(THE INPUT)
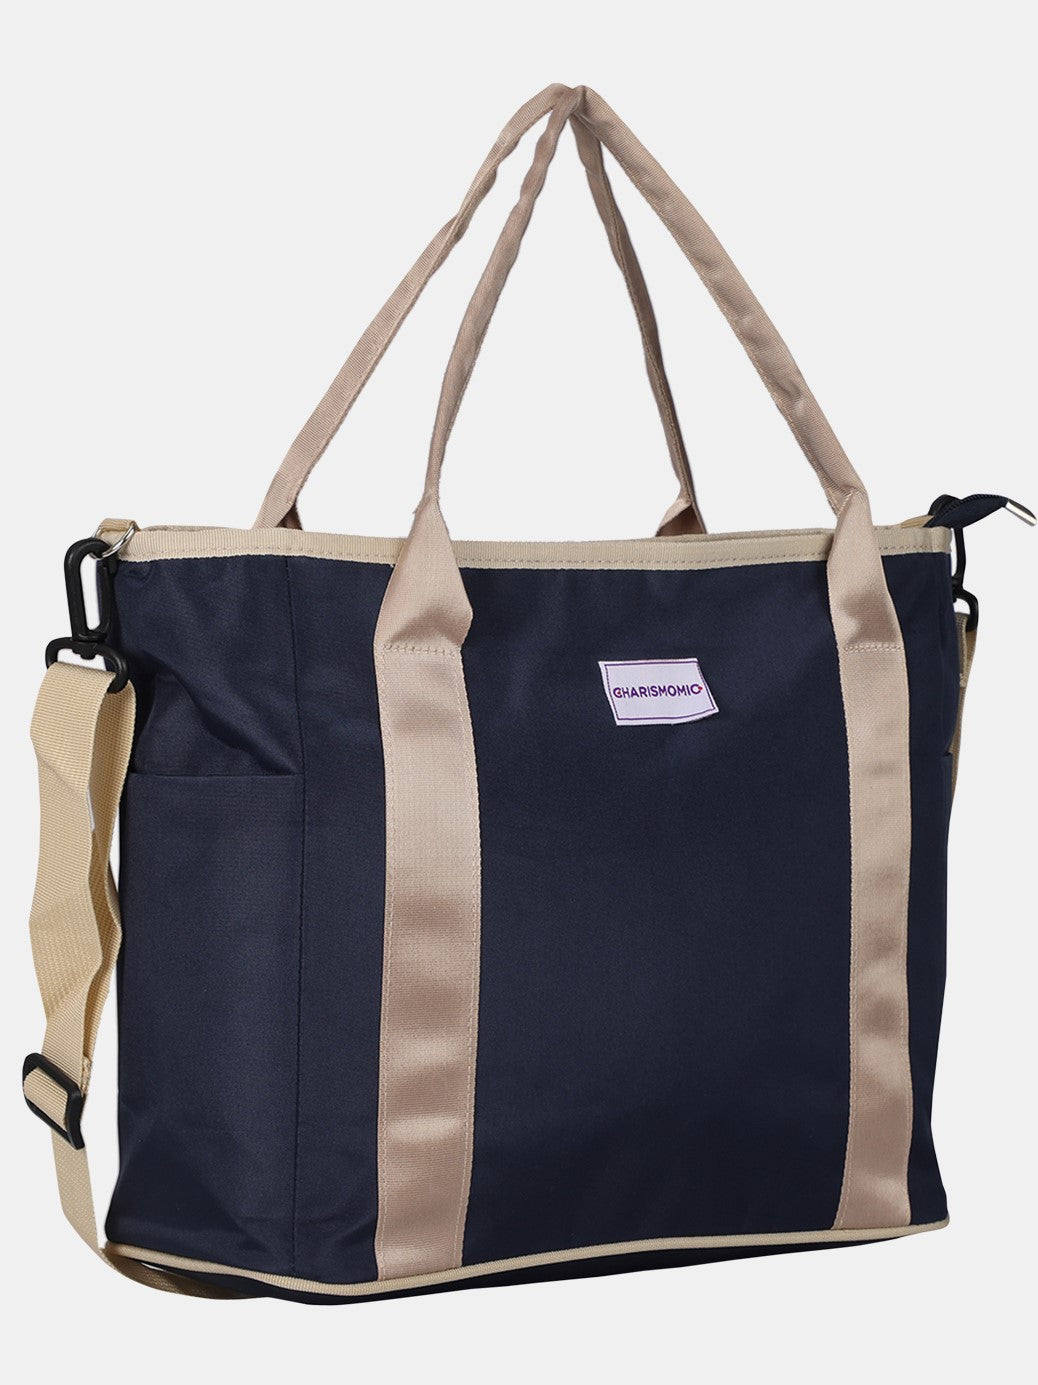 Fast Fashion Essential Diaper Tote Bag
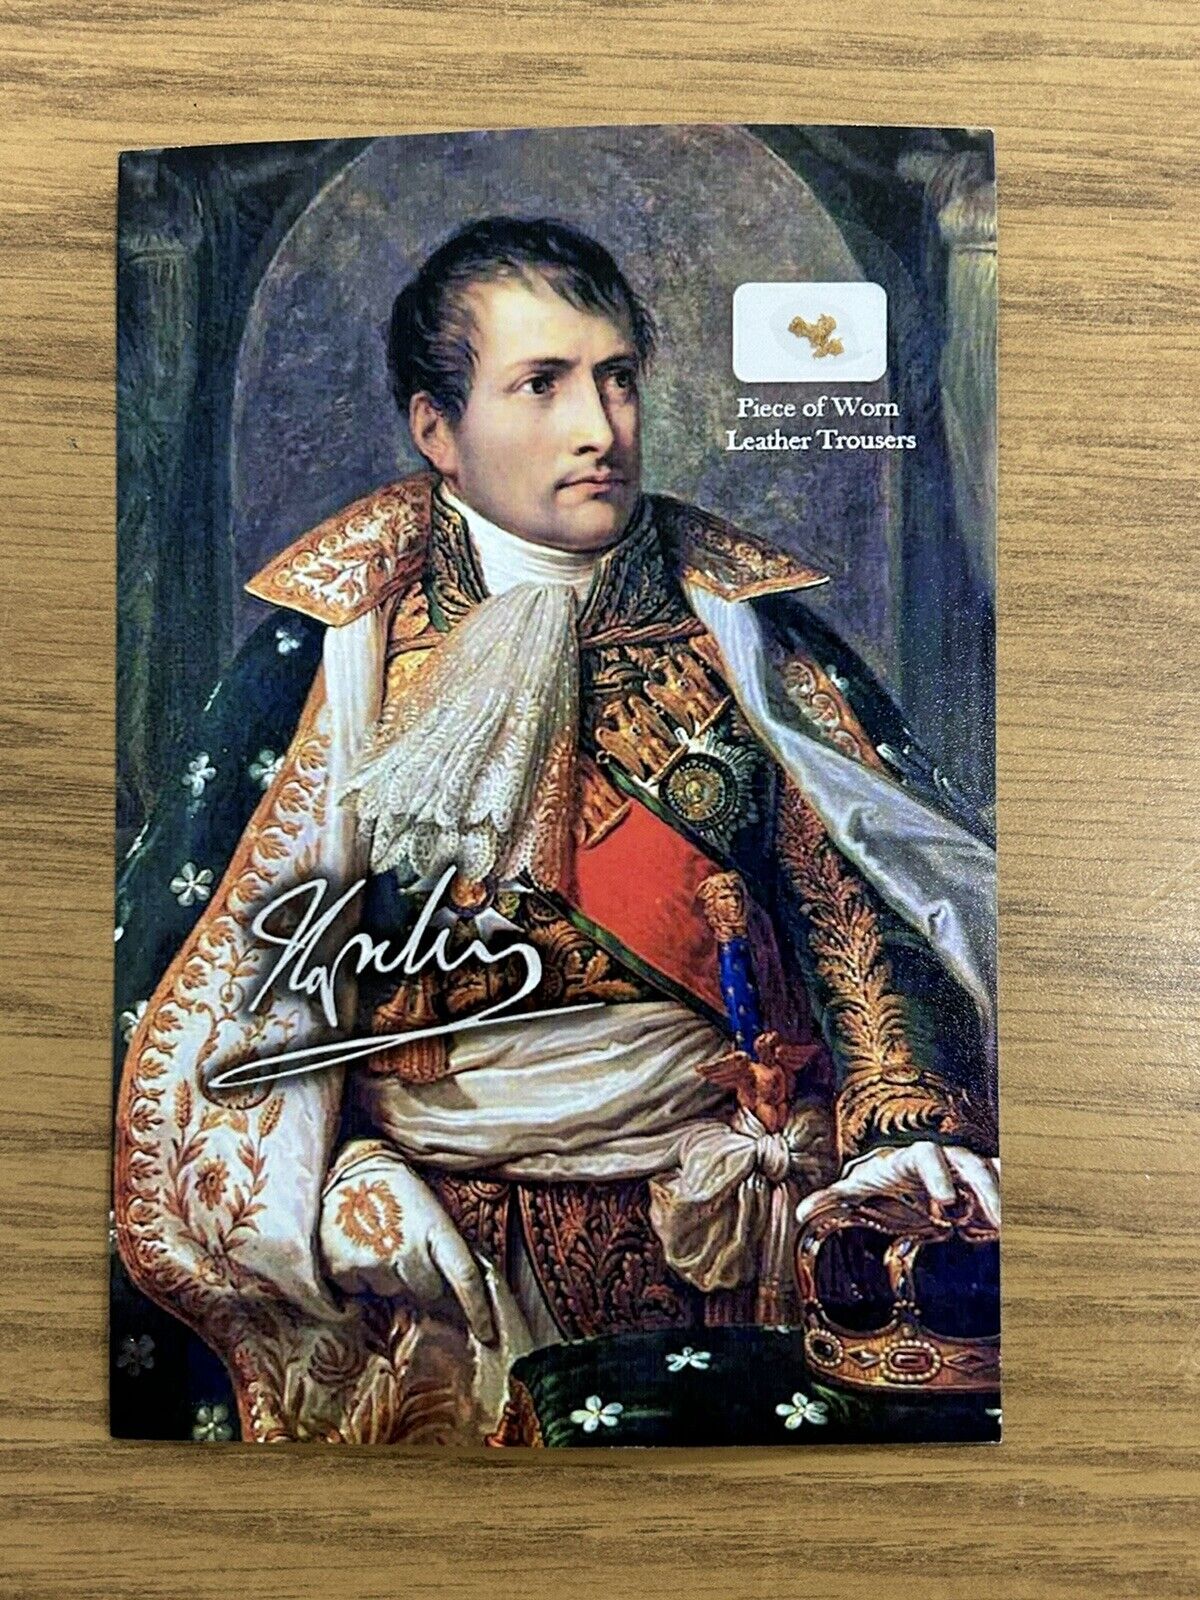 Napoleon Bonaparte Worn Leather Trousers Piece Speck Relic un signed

==

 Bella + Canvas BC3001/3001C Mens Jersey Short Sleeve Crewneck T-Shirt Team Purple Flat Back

---

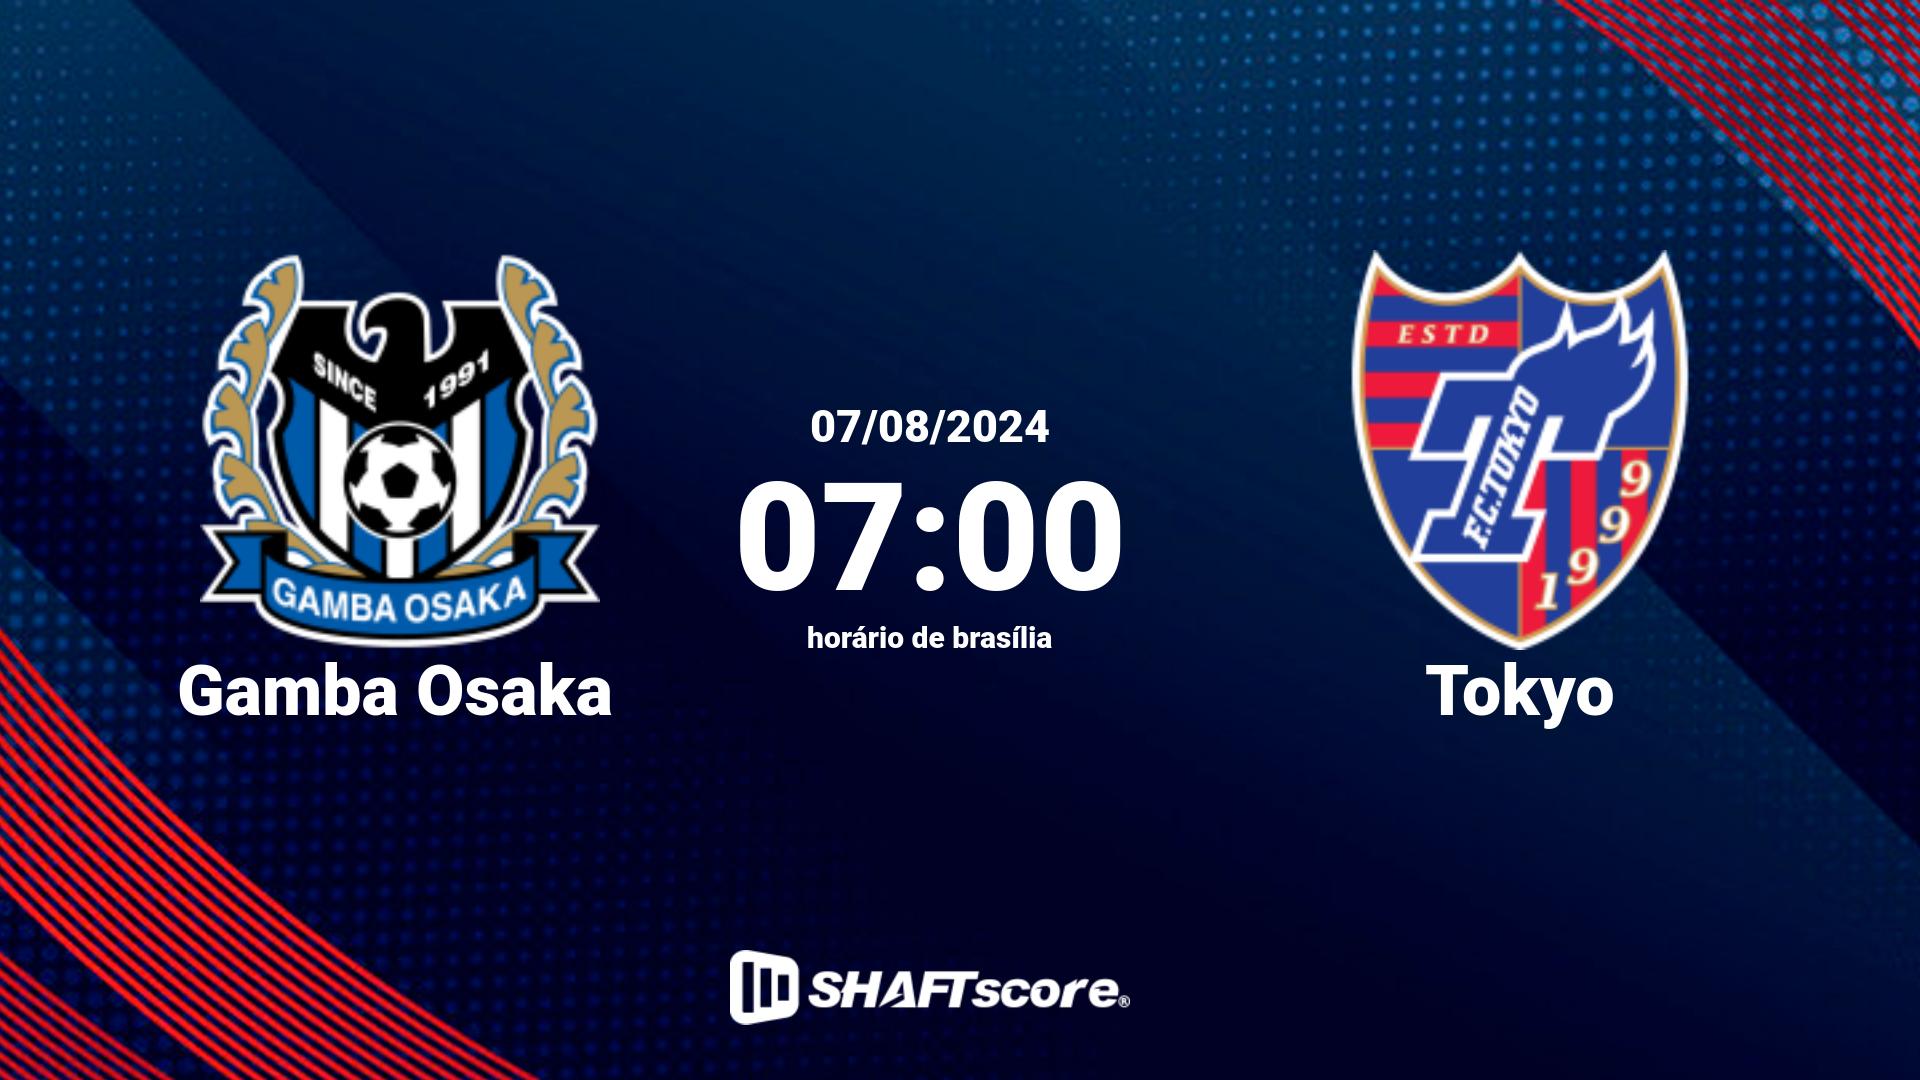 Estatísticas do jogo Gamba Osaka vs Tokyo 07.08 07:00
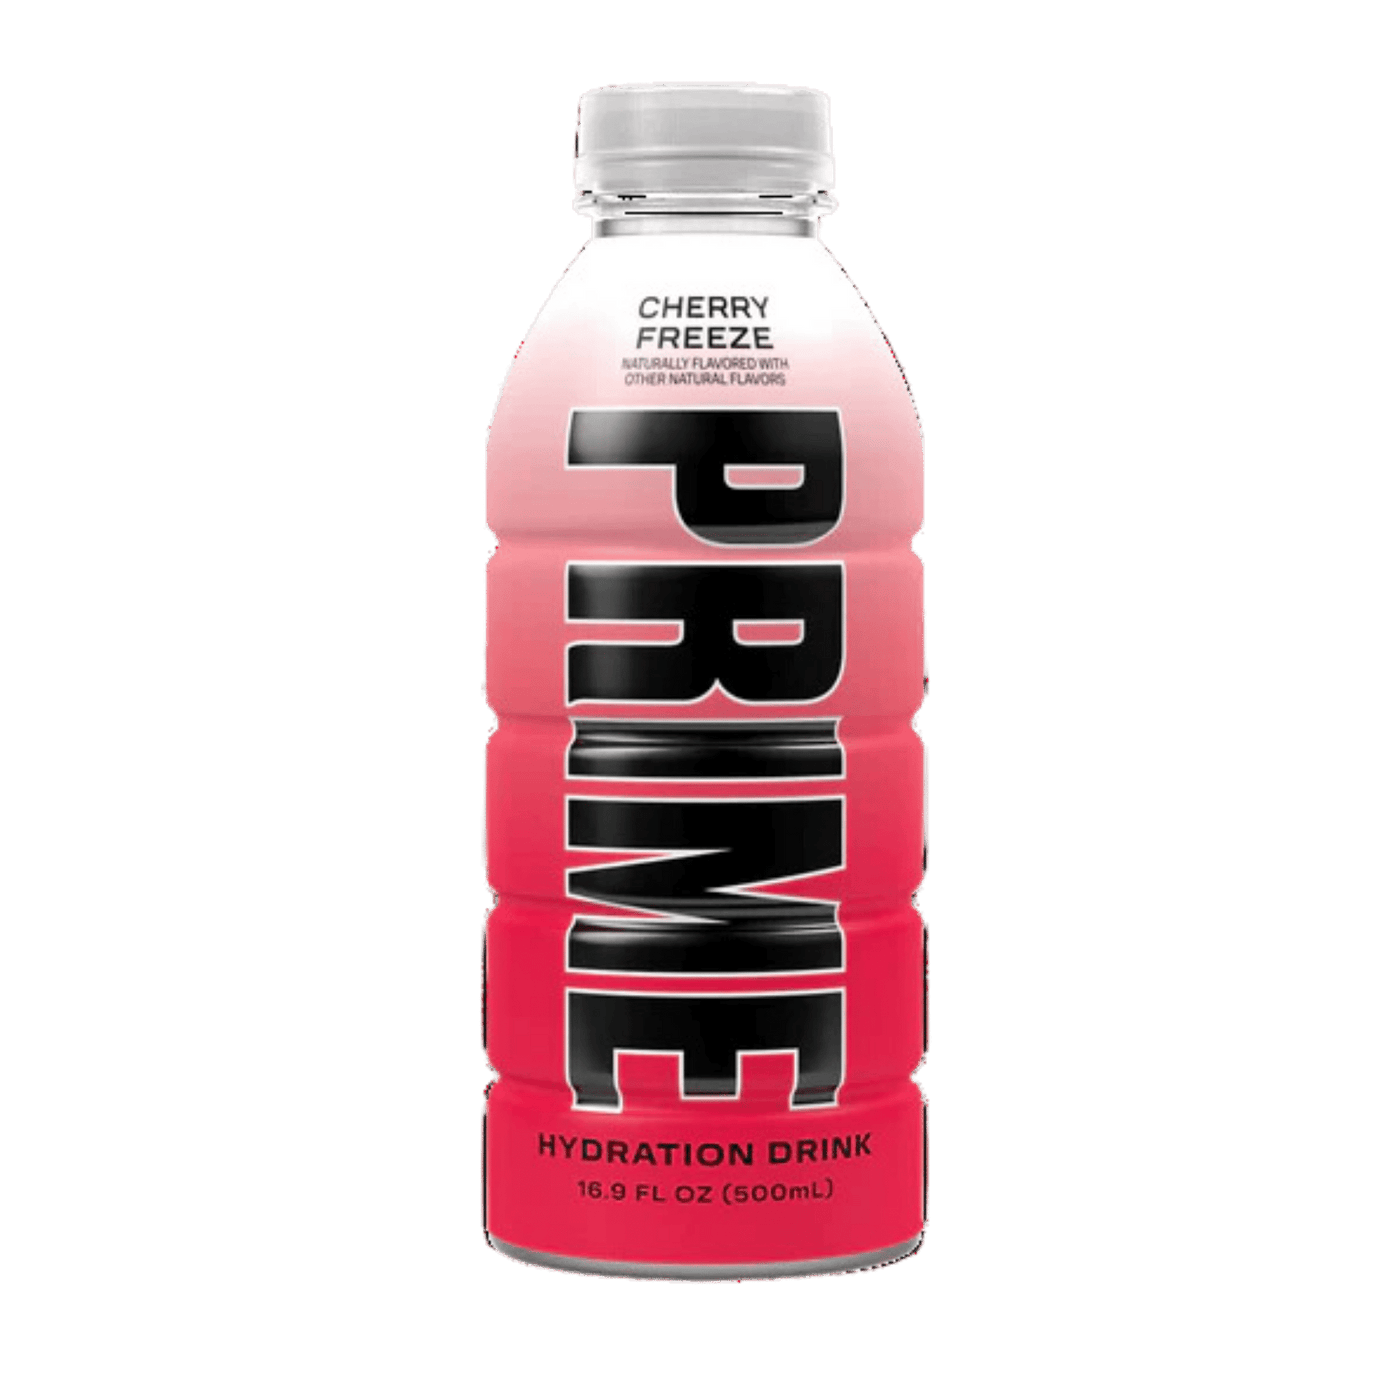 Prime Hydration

(TASK TO COMPLETE) Above are some records. Reproduce the lines from the one with "Fast Fashion Essential Diaper Tote Bag" down to the one with "Napoleon Bonaparte Worn", keeping both, and leave every picture out.

(TASK OUTPUT)
 Fast Fashion Essential Diaper Tote Bag
 Napoleon Bonaparte Worn Leather Trousers Piece Speck Relic un signed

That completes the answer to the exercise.